Private sector investment mandatory under new metro rail policy. 



Passengers wait to board a train at Mantri Sampige Square Metro station, operated by Bangalore Metro Rail Corp. (BMRCL), in Bengaluru. (Photographer: Sanjit Das/Bloomberg)
Passengers wait to board a train at Mantri Sampige Square Metro station, operated by Bangalore Metro Rail Corp. (BMRCL), in Bengaluru. (Photographer: Sanjit Das/Bloomberg)

The government has made public-private partnership mandatory for states to avail central assistance for new metro rail lines as part of its new policy to execute these capital-intensive transport projects.

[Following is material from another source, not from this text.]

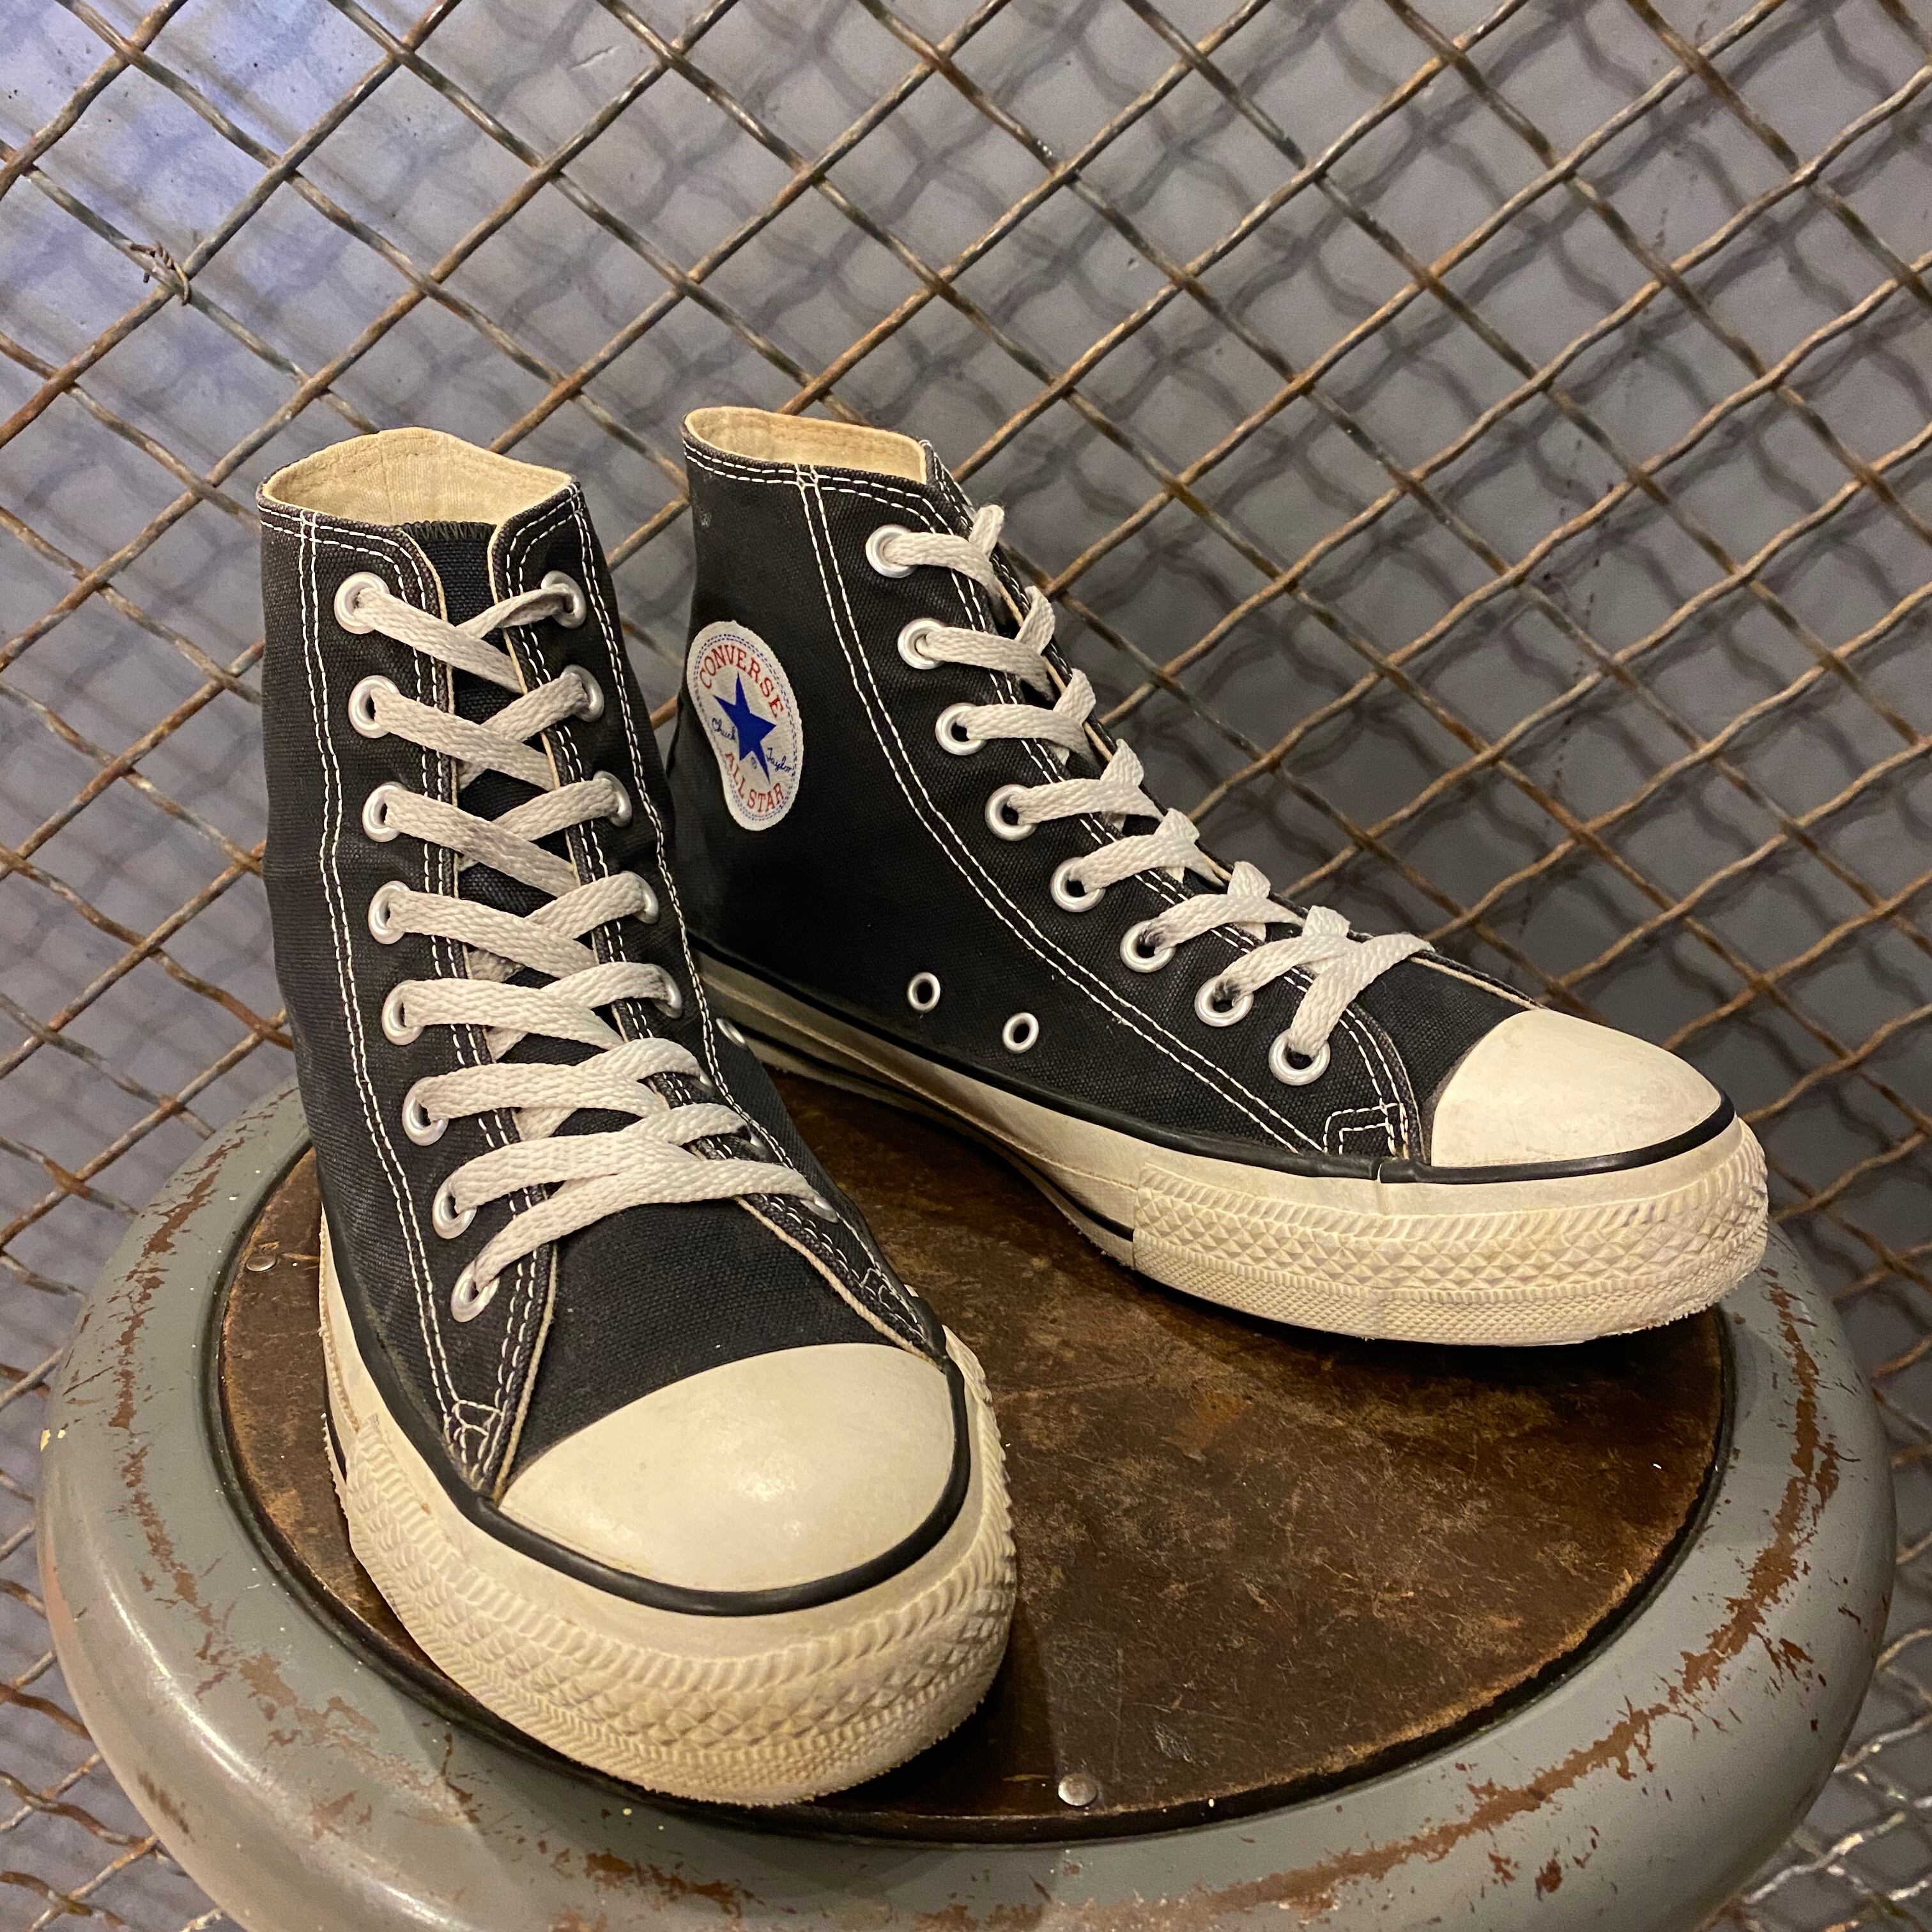 80s 90s converse all star レオパード USA製 - 靴

“Private participation either for complete provision of metro rail or for some unbundled components (like automatic fare collection, operation & maintenance of services) will form an essential requirement for all metro rail projects seeking central financial assistance,” according to the metro rail policy cleared by the Union Cabinet on Wednesday.

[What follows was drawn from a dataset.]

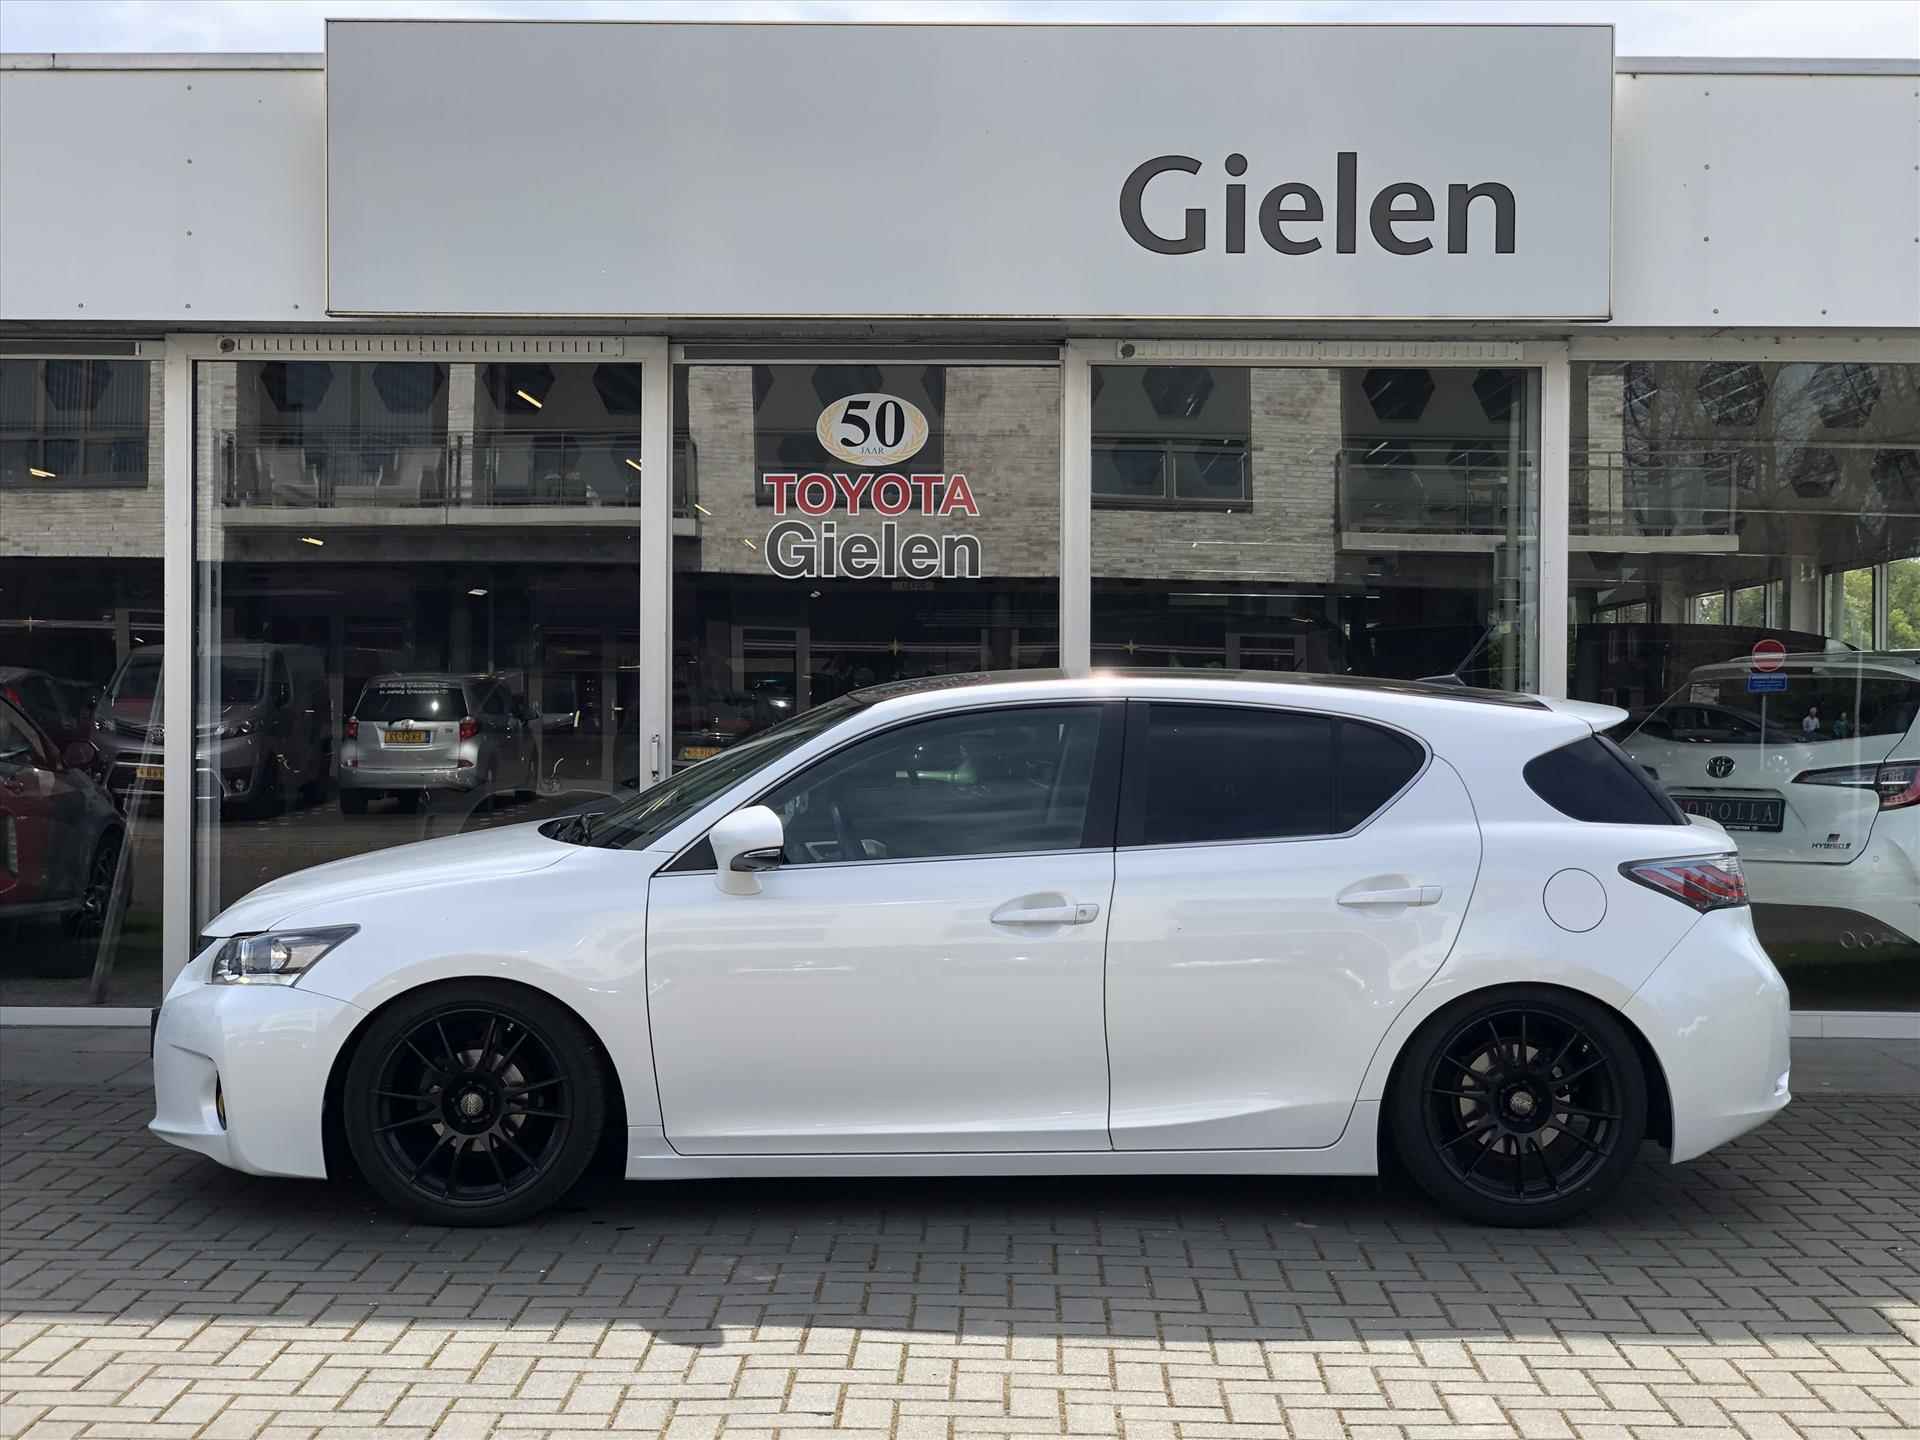 Lexus Ct 200h Business Line Pro F Sport Grill | Parkeercamera, Keyless, Cruise control, 18 inch, Privacy Glass, Zeer compleet! - 10/39

An economic rate of return of 14 percent will now be the new criteria for approval, a shift from the existing norm of internal rate of return of 8 percent. The policy empowers state governments to set up permanent authorities for timely revision of fares.

More than Rs 50,000 crore worth of metro projects are underway in the country and this pile will probably grow, Bloomberg said in a report in April. At present, metro projects with a total length of more than 350 km are operational in eight cities – Delhi, Bengaluru, Kolkata, Chennai, Kochi, Mumbai, Jaipur and Gurugram. Metro projects are also underway in Hyderabad, Nagpur, Ahmedabad, Pune and Lucknow.

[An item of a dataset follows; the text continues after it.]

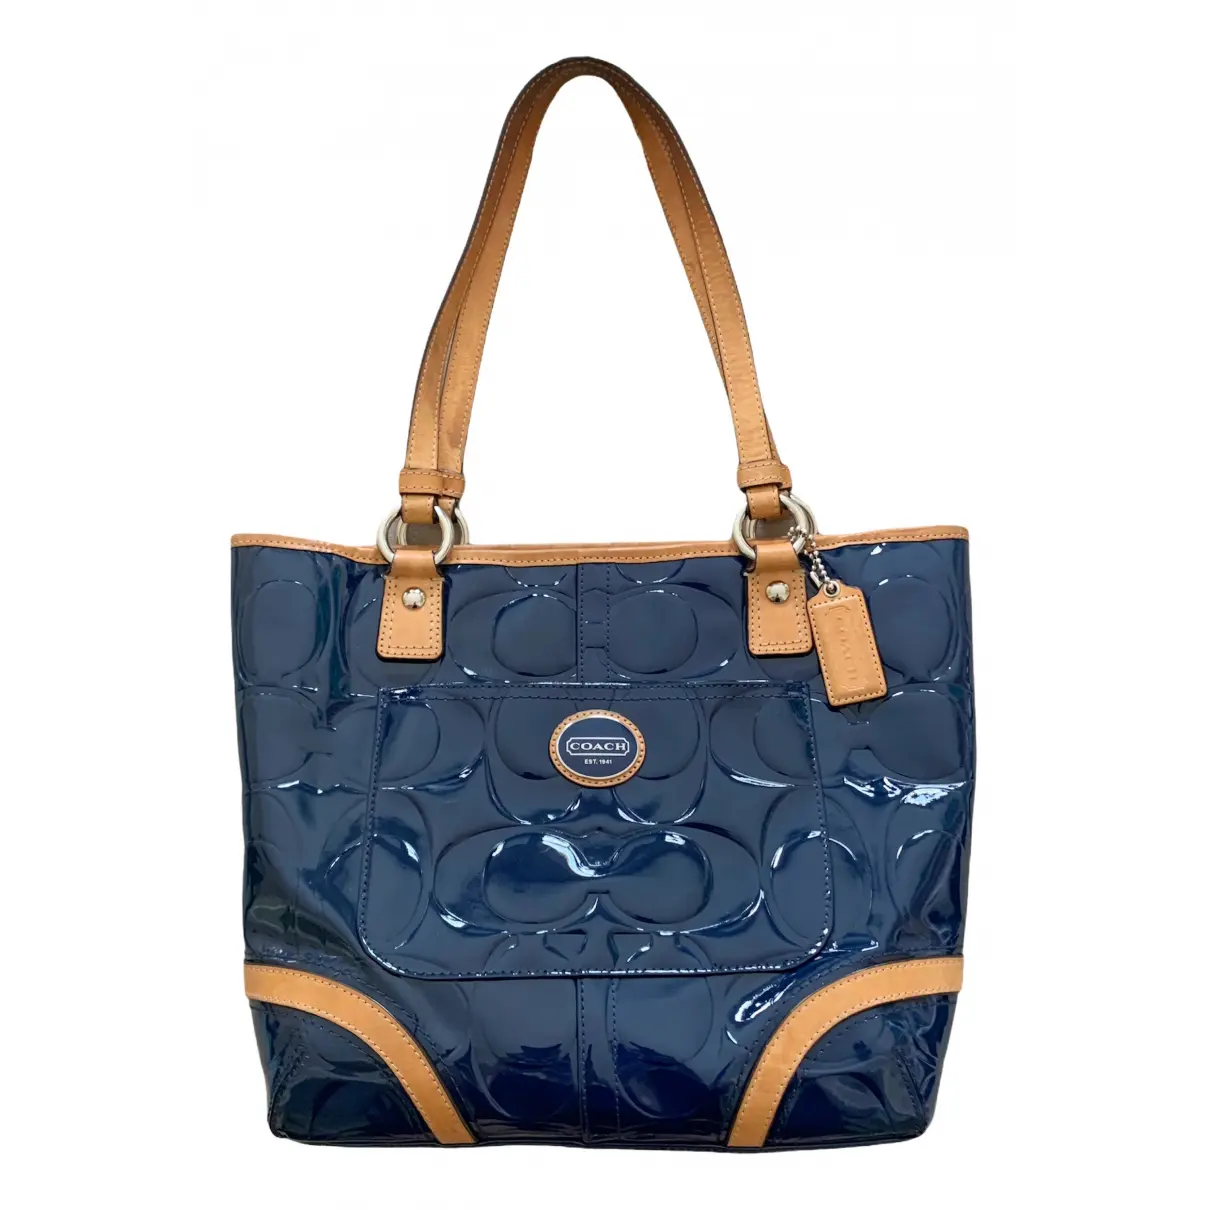 CITY ZIP TOTE patent leather tote Coach

“PPP, last-mile connectivity, rigorous analysis to provide right solution to the right city, a shift from financial rate of return to economic rate of return for large infrastructure projects, and fare fixation authority. All these would set the pace for great expansion of metro rail in this country,” said Vinayak Chatterjee, chairman of infrastructure services provider Feedback Infra.

Earlier, only financial rate of return, which is the rate of return on capital invested, was looked at for metro projects. The economic rate of return is a social cost benefit analysis. “It takes into account multiplier effects that railways brings,” said Chatterjee.

The new policy also mandates evaluation of various modes of mass transit like the bus rapid transport system, light rail transit and tramways. Executing authorities must ensure last-mile connectivity through environment-friendly infrastructure like walkways and cycling corridors, according to the policy.

Strict pre-conditions on financial aspects will see fewer projects being taken up, said Anwarul Hoda, professor at the Indian Council for Research on International Economic Relations, a think tank. “The government has done this in a situation of high demand and less resources. This is to match the available resources for the projects that have been taken up.”